For all cod stocks, in addition to its impact on recruitment, the environment has an important effect on growth. Mean bottom temperatures account for 90% of the observed (10-fold) difference in growth rates between different Atlantic cod (Gadus morhua) stocks in the North Atlantic (Brander 1994, 1995) with warmer temperatures leading to faster growth rates. Temperature not only accounts for differences in growth rates between cod stocks but also year-to-year changes in growth rates within a stock (Brander 2001) and hence the surplus production of the cod stocks (Dutil and Brander 2003).

5. Multidecadal to centennial variability

a. Herring and sardines in the North Atlantic

One of the first observations on natural long-term variations of fish stocks was obtained from the North Atlantic. It has been known for more than 1000 yr that, periodically, large amounts of herring migrated to overwinter in the Bohuslän coast in Sweden. These periods of abundance lasted 20–50 yr and were interrupted by time spans of 50–70 yr. Nine of these Bohuslän periods are known (Cushing 1982; Alheit and Hagen 1997) as they correspond to important fishery activities; for example, catch exceeded 216 000 tonnes in the 1895/96 season and reached 270 000 tonnes during a fishing season in the eighteenth century. Several other European herring and sardine fisheries fluctuated either in phase with the Bohuslän periods (e.g., herring off southwestern England, in the eastern English Channel, and in the Bay of Biscay) or in alternation with them (e.g., the Norwegian spring-spawning herring and the sardines off southwestern England and in the English Channel; Binet 1988; Southward et al. 1988; Alheit and Hagen 1997). The fluctuations of these fisheries could be the result of real fluctuations of biomass or of decadal changes in migration routes moving the fish to areas not accessible to the limited range of the fishing methods employed in earlier historic times. Likely, fluctuations in biomass and migration routes are concomitant phenomena (Alheit and Hagen 1997).

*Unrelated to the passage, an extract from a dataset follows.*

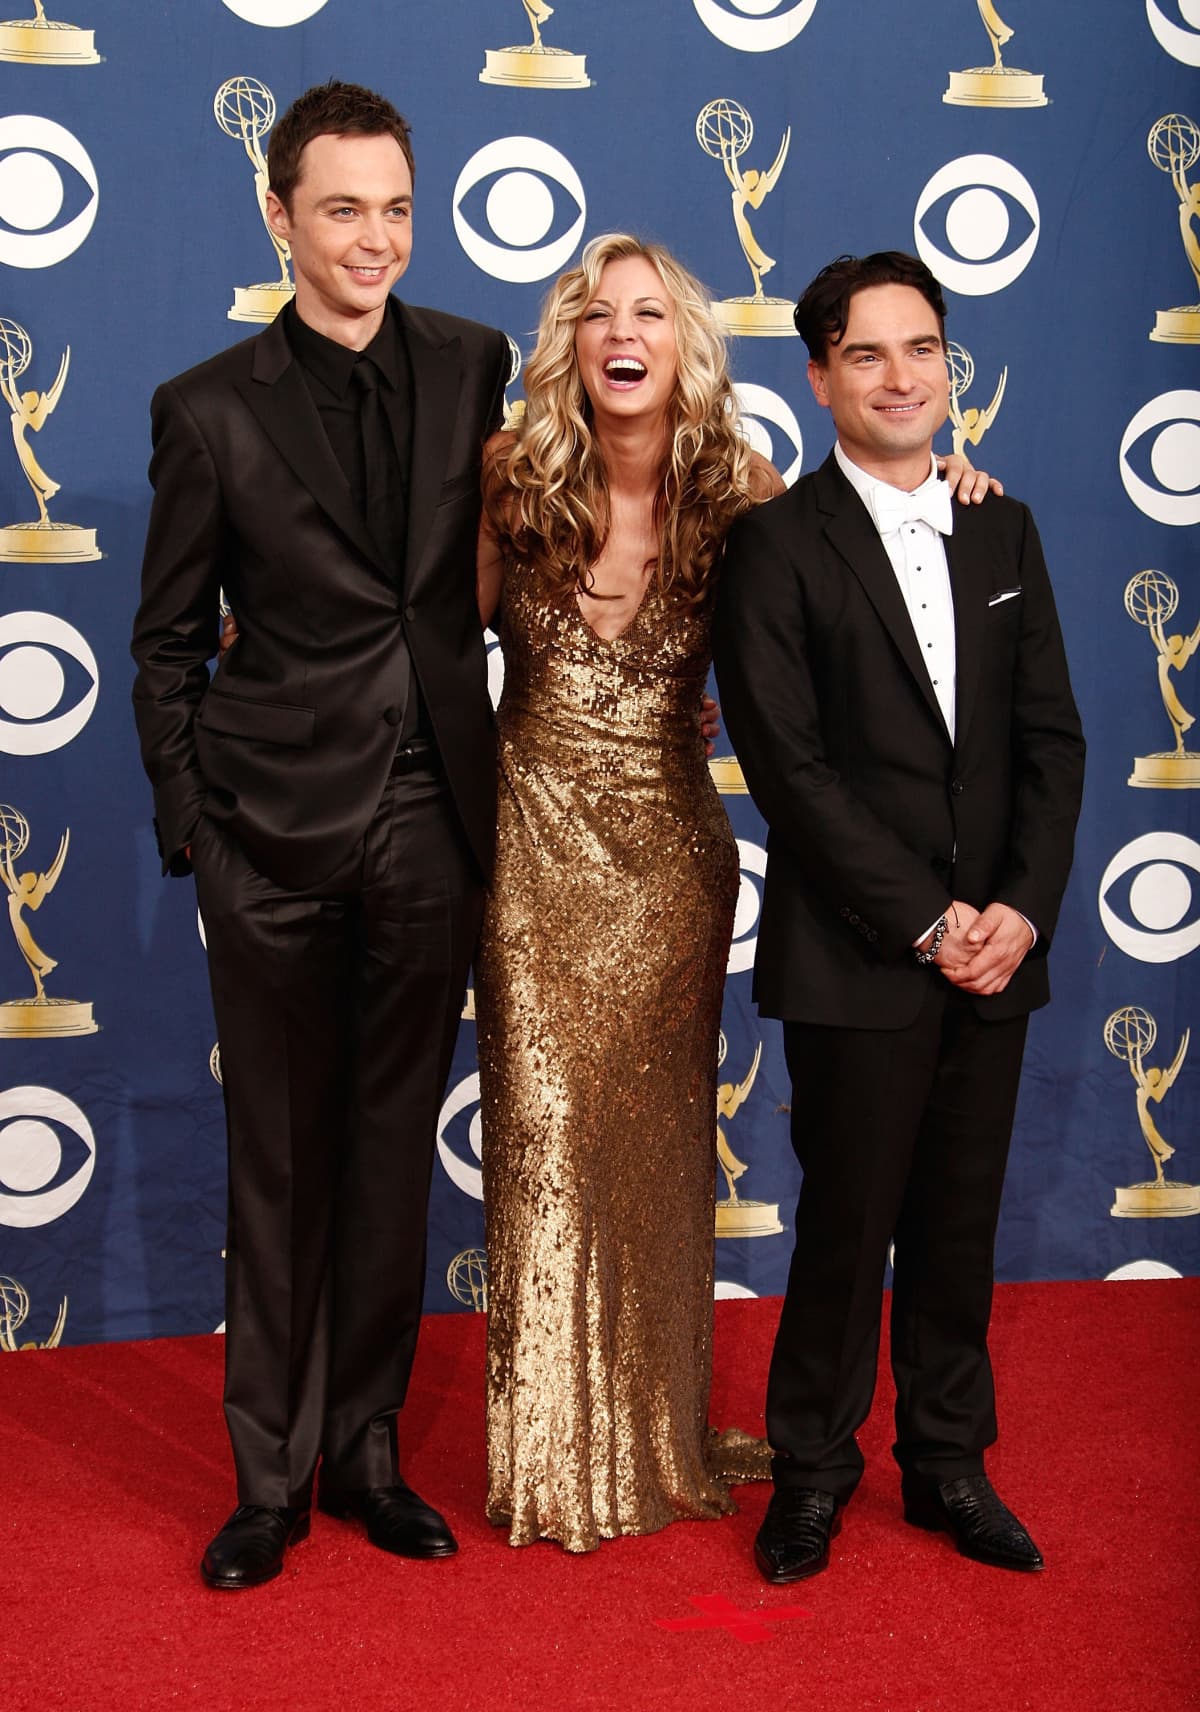 Actors Jim Parsons, Kaley Cuoco, and Johnny Galecki pose in the press room at the 61st Primetime Emmy Awards held at the Nokia Theatre on September 20, 2009 in Los Angeles, California. (Photo by Steve Granitz/WireImage)

Herring and sardines differ in their adaptation to temperature (Southward et al. 1988). The distributions of both species overlap in the English Channel. The herring is an Arcto-boreal species and the English Channel is usually the southern limit of its distribution. In contrast, the Channel usually represents the northern limit of the distribution of the sardine. A strong correlation between temperature and occurrence and abundance of both species has been recorded for the last 400 yr along the south coast of Devon and Cornwall, United Kingdom (Southward et al. 1988). The herring fishery was favored during cold periods and extended farther west, whereas the sardine fishery was then restricted to western Cornwall. During the extremely cold period called the “Little Ice Age,” in the second half of the seventeenth century, sardines were very scarce while herring were abundant. The sardine fishery was more prevalent in warm periods. While herring abundance decreased in the south during these warm periods, it increased at their extreme northern range, as illustrated by records in fisheries of the Norwegian spring herring. These fluctuations have been associated with changes in the Icelandic ice cover (Beverton and Lee 1965).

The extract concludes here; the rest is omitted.